A new Inspector General report found that “only 12 percent of the funds in a State Department program to train police” in Iraq were actually used for that purpose. The report highlights the waste in the $1.1 billion program, which many in the Iraqi government doubt was even beneficial to the country.

Nearly 200 companies and special interest groups have registered to lobby the super committee, as lobbyists try to stave off cuts to various programs. The six-week-old committee, however, has acted largely in secret. Said one lobbyist: “During my 42 years in Washington, this is the most closed-mouth committee that I have seen.”

An increasing number of states are limiting hospital stays for Medicaid patients to as little as 10 days a year in an effort to limit the program’s costs. Advocates for the program, which served 69 million Americans in 2010, say the moves will restrict access to care, inflate hospital costs, and drive up prices for the privately insured.

The U.S. pulled Ambassador Robert Ford out of Syria this weekend due to “credible threats against his personal safety.” Blasting the Syrian regime for leading an “incitement campaign” against Ford amidst an anti-regime uprising over the the last seven months, the State Department stated that it “can’t say when he will return to Syria.”

Despite “robust corporate profits,” many manufacturing companies are planning to cut costs through layoffs and factory closures in anticipation of “slow revenue growth” in 2012. Analysts note that such “precautions” could “spook the market, potentially damping an economic recovery still struggling to gain traction and adding to unemployment rolls just as signs of improvement have begun to emerge.”

The nation’s top business and labor union leaders are coming together to urge Congress to spend on infrastructure.

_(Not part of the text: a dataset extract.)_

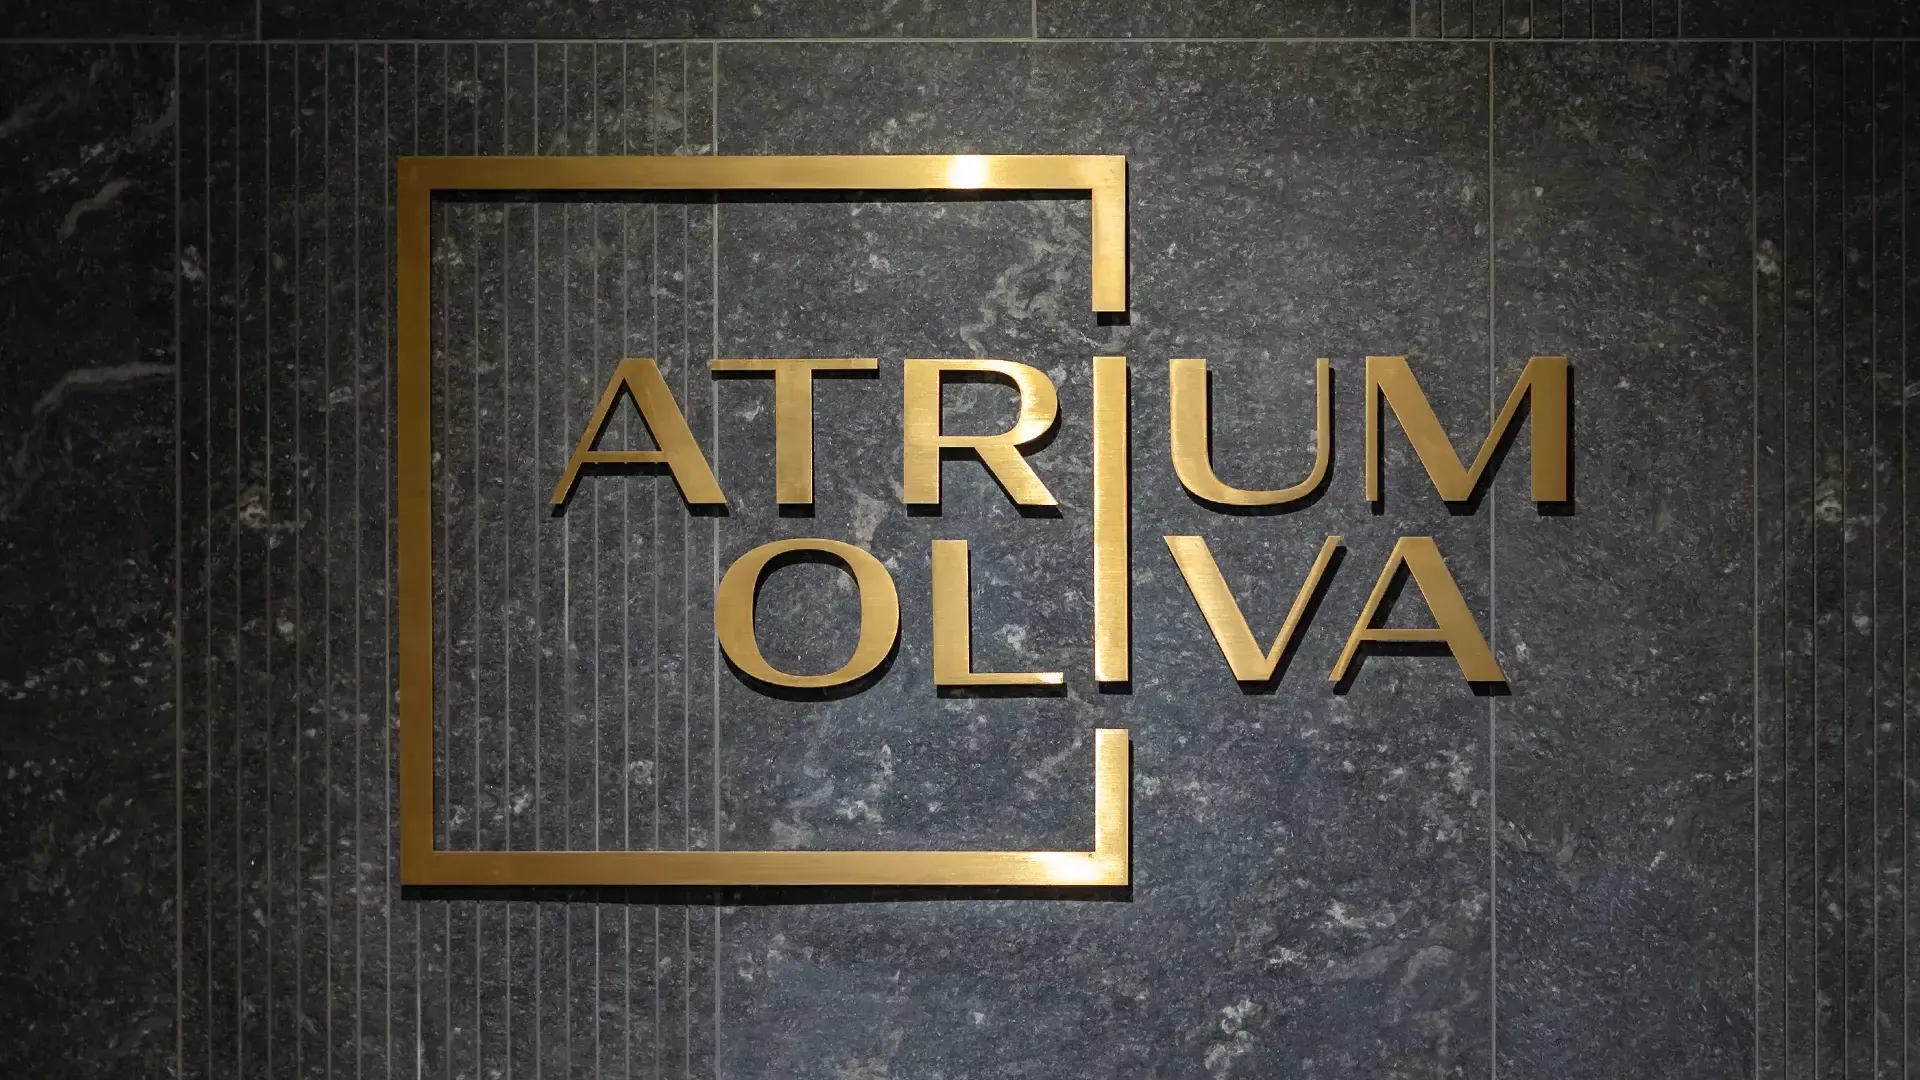 Lettere piatte Atrium Oliva - Lettere piatte Atrium Oliva in lamiera spazzolata

Yesterday on ABC, Tom Donohue, president and CEO of the U.S. Chamber of Commerce, and AFL-CIO President Richard Trumka said lawmakers need to make infrastructure a priority if the U.S. is to stay economically competitive.

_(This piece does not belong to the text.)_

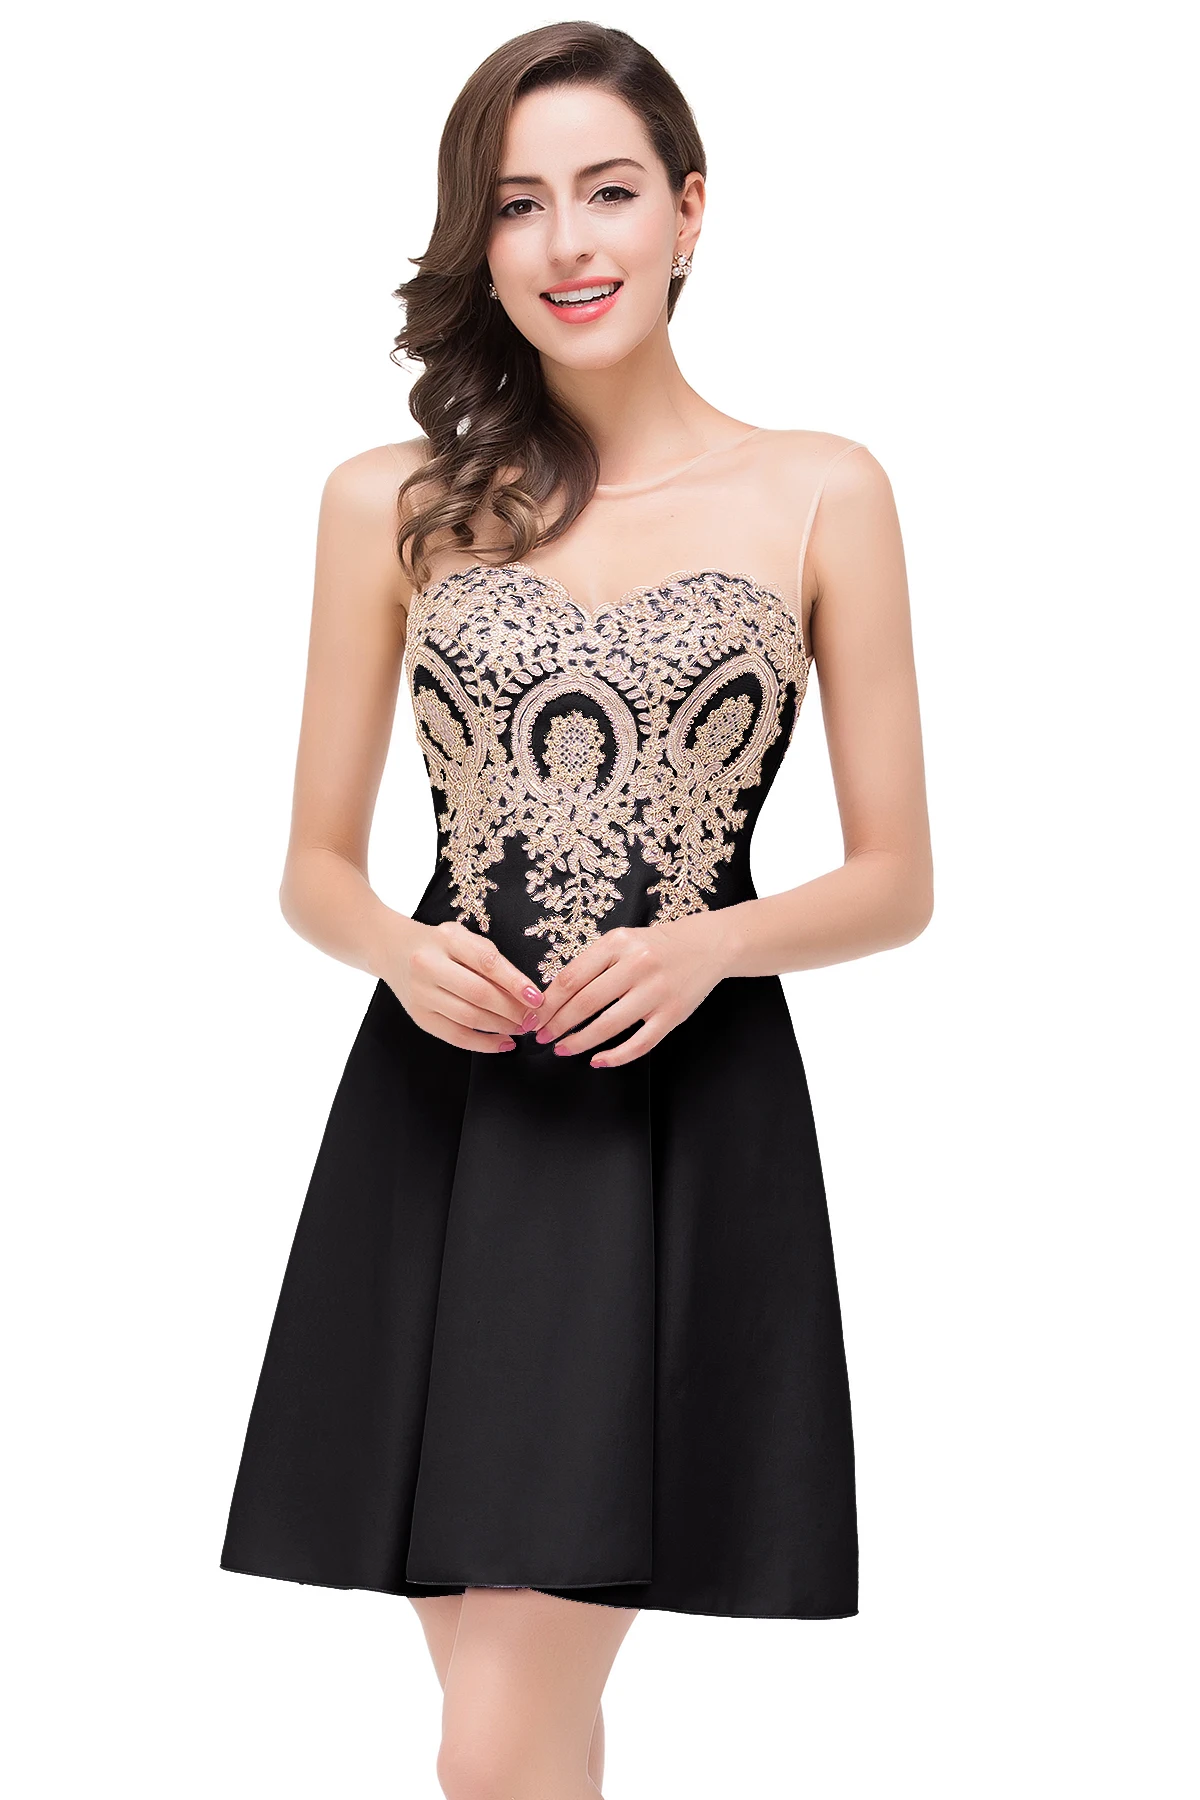 Robe de soiree вечернее платье элегантное короткое вечернее платье трапециевидной формы аппликация без рукавов вечернее платье Быстрая отправка - Цвет: Black

Much of the aid for struggling homeowners President Obama promised hasn’t been spent to turn around the foreclosure crisis. The Washington Post reports that Obama has spent just $2.4 billion of the $50 billion he pledged would be used to help as many as 9 million homeowners. Only 1.7 million people have benefited from the program, and the housing market remains in turmoil.

And finally: A Republican New Jersey mayor can’t explain why he’s ended up on the website of a rent boy, who claims the politician owes him money.